Mental Health

This is the page I wish existed when I started. Nobody in the community talks about this stuff honestly, at least not publicly. The Twitter feed is all wins. The Discord is full of people sharing their crits. What you don't see is the three-month dry spell before that crit, or the researcher who quietly burned out and disappeared.

Duplicates Are Statistics, Not Failure

Getting a duplicate on a good finding is one of the most demoralizing things in bug bounty. You find something real, you write a solid report, and you get back "Duplicate, closed." Nothing. No bounty, no recognition, sometimes not even a thank-you.

Here's the frame that actually helped me: on a popular target with a large researcher pool, a high-value endpoint getting found by two people within days or even hours of each other is not bad luck. It's probability. Thousands of researchers, finite attack surface, limited window between when a feature launches and when it gets reported.

Duplicates don't mean you were wrong. They often mean you were right, just not first. The skill that found it is still yours. The next target doesn't know about your duplicate.
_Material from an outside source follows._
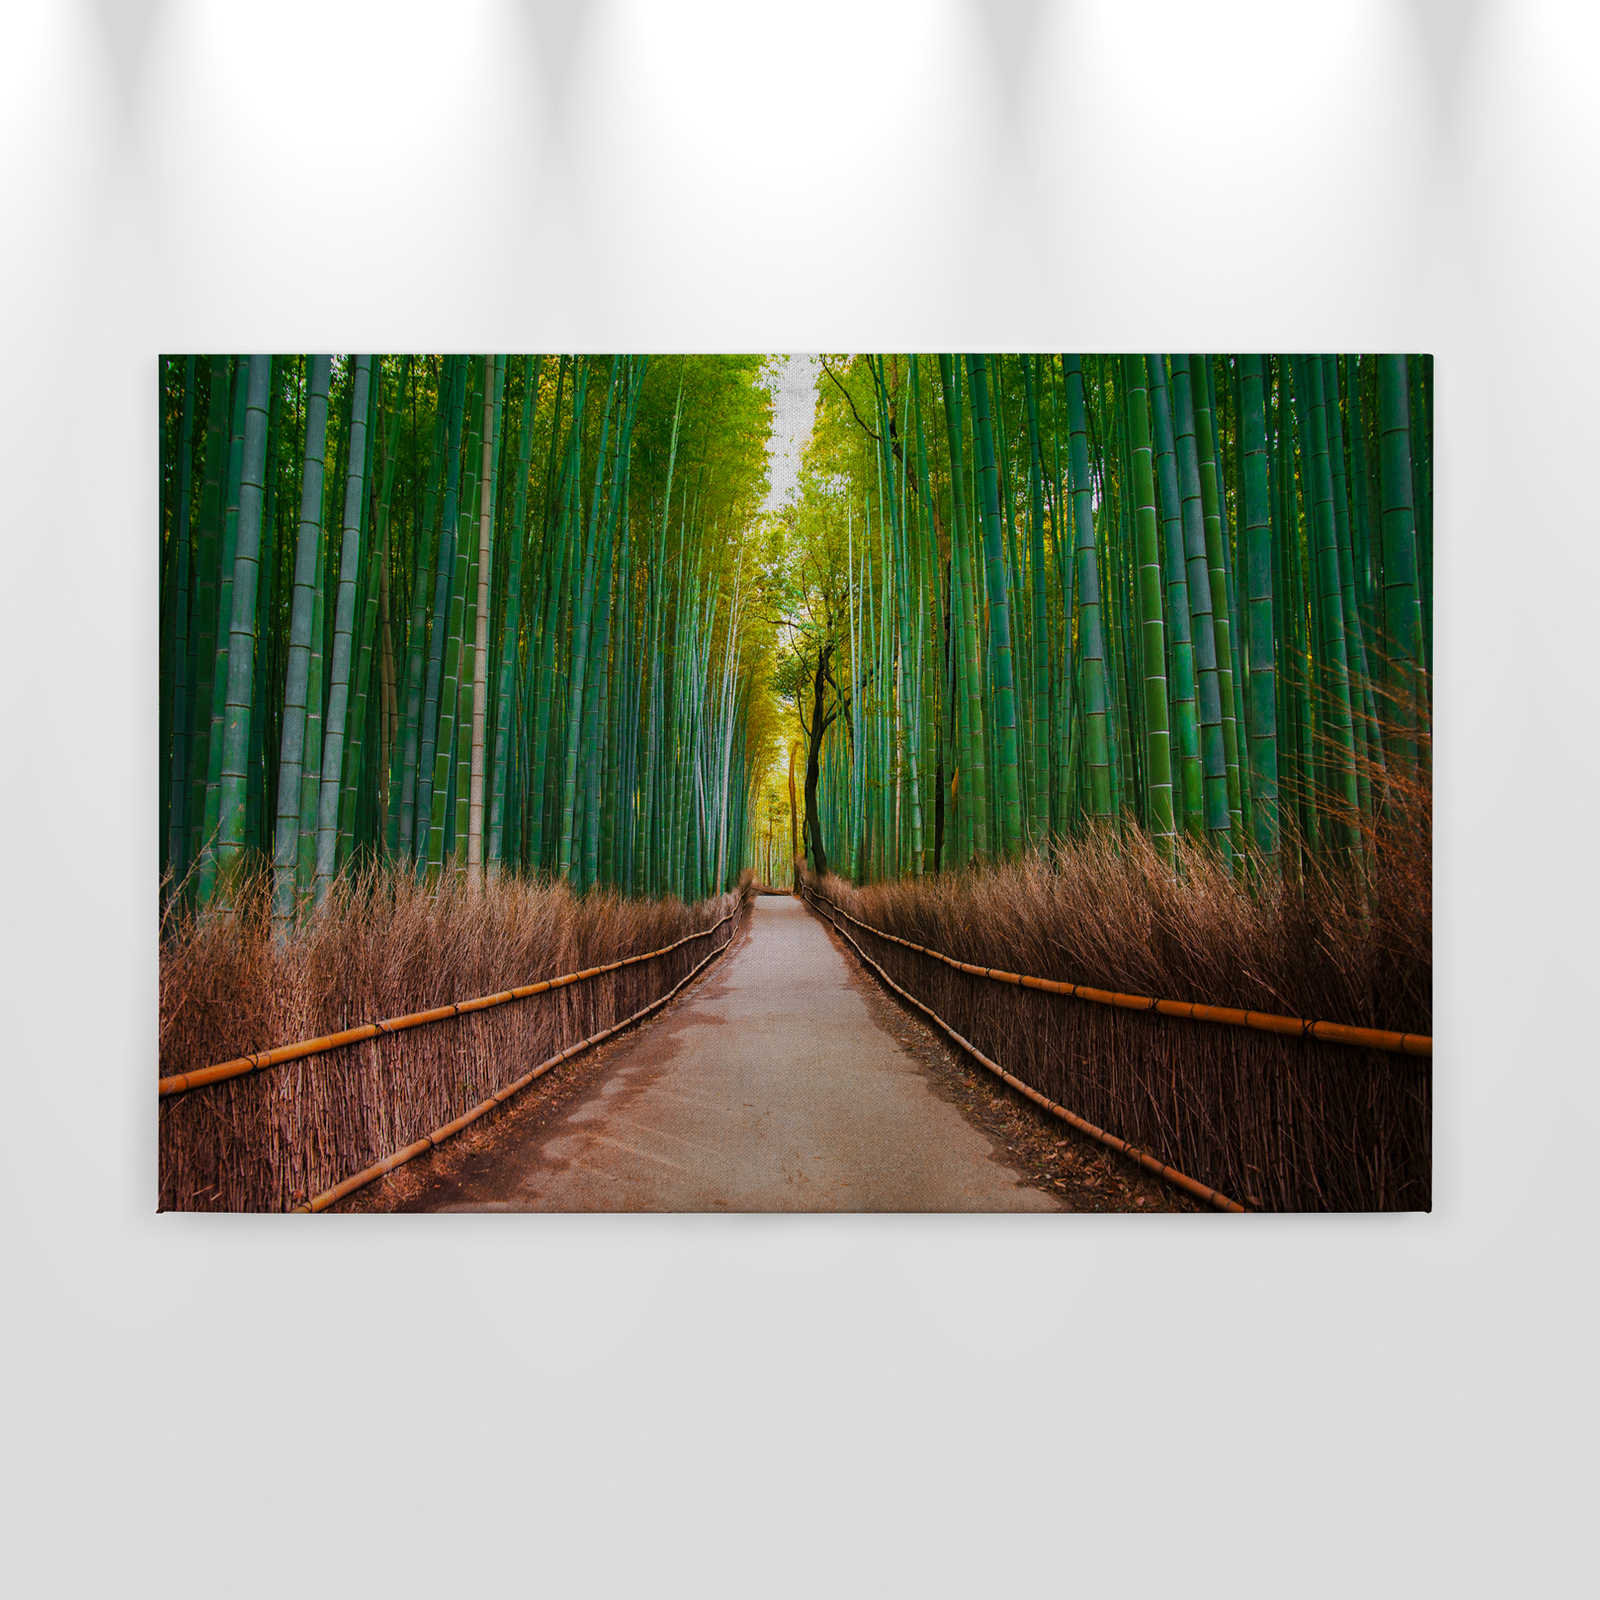             Lienzo con camino de bambú natural - 0,90 m x 0,60 m

The worst response to duplicates is avoiding new programs or common vulnerability classes to minimize the risk of getting duped. That's playing to not lose. Keep hunting what you're good at.

Burnout: What It Actually Looks Like

Burnout in this context doesn't always look like exhaustion. Sometimes it looks like this: you open a target, you poke around for an hour, nothing feels interesting, you close it and watch TV. Then you feel guilty about not hunting. Then you open the target again. Then you close it again.

That cycle is the warning sign. It's not laziness. It's your brain telling you the current approach isn't working.

Session structure that helps:

  • Time-box sessions. Two hours with a specific goal is better than six hours of unfocused browsing. Decide before you open a browser what you're looking at.
  • Target rotation. Staring at the same app for weeks is a diminishing returns problem. Fresh eyes on a new target often produce more than grinding an old one.
  • Outcome-agnostic sessions. Some sessions are just reconnaissance with no expectation of finding anything. This removes the pressure that kills creative thinking.
  • Hard stops. Set a time to stop and stop at that time. The "just one more endpoint" spiral is real and it ruins evenings.

When to actually stop for a while: if you've been hunting consistently, the work feels mechanical, everything looks the same, and you're not curious about what's behind the next parameter, take a week off. Not a break where you feel guilty the whole time. An actual break. The curiosity comes back. It always does.

Imposter Syndrome

Everyone's first valid was terrifying. I don't know a single experienced researcher who wasn't convinced their first report was going to get closed as informational. The anxiety before submitting a report you think might be real is a feature of caring about the work, not a sign you don't belong.

The researchers who look confident on Twitter have submitted plenty of garbage reports. They've had plenty of N/A's and informational closures. The difference between them and someone still stuck in imposter syndrome is usually just volume of attempts. They kept submitting. The feedback loop eventually built confidence.

You are not uniquely bad at this. You are at a stage everyone passes through.

The specific flavor of imposter syndrome that bugs me to see: researchers who find a real vulnerability, downgrade their own assessment before submitting because they're afraid of looking dumb if it's not as severe as they think, then get back "Resolved, thanks" with no bounty because they submitted it as a low. If you think it's a high, say it's a high. Include your reasoning. Let the triage team disagree if they need to.

The Loneliness Problem

Solo work is isolating. Most researchers work alone, on targets they can't talk about publicly, with findings they often can't share for months or ever. The work is invisible until a bounty hits.

The practical response: find two or three people who hunt at a similar level and talk to them regularly. Not to share techniques necessarily, though that's a bonus. Just to have people who understand what you're doing. A Telegram group, a Discord server, a weekly call. The community exists. You have to seek it out.

Collaborations help too. Hunting with a partner on a shared target breaks up the isolation and often produces better results because different people notice different things. See Business of Bounties.

The Comparison Trap

Someone on Twitter just posted a $30,000 payout screenshot. Someone else just announced they're number one on a leaderboard. Someone else is speaking at a conference you've never been to.

The comparison trap is brutal in this community because the wins are very public and the losses are private. You are comparing your full experience, including all the failures, to other people's highlight reels. It's not a fair comparison and it never will be.

The only useful comparison is you versus yourself three months ago. Are you finding things you couldn't find then? Do you understand something now that confused you before? That's the metric.

Mute or unfollow accounts that make you feel bad about your progress. This isn't weakness. It's information management.

Taking Breaks Makes You Better

I used to feel guilty about every day I didn't hunt. That guilt made me grind through sessions where I wasn't producing anything useful, which made me resent the work, which made the next session worse.

Taking an actual break, a few days or a week, regularly, is not falling behind. The target isn't going anywhere. The skills you've built aren't going anywhere. You come back with fresh pattern recognition and you find things you'd walked past twenty times before.

The researchers who last in this field for a decade aren't the ones who never stop. They're the ones who figured out how to rest without guilt and come back sharp.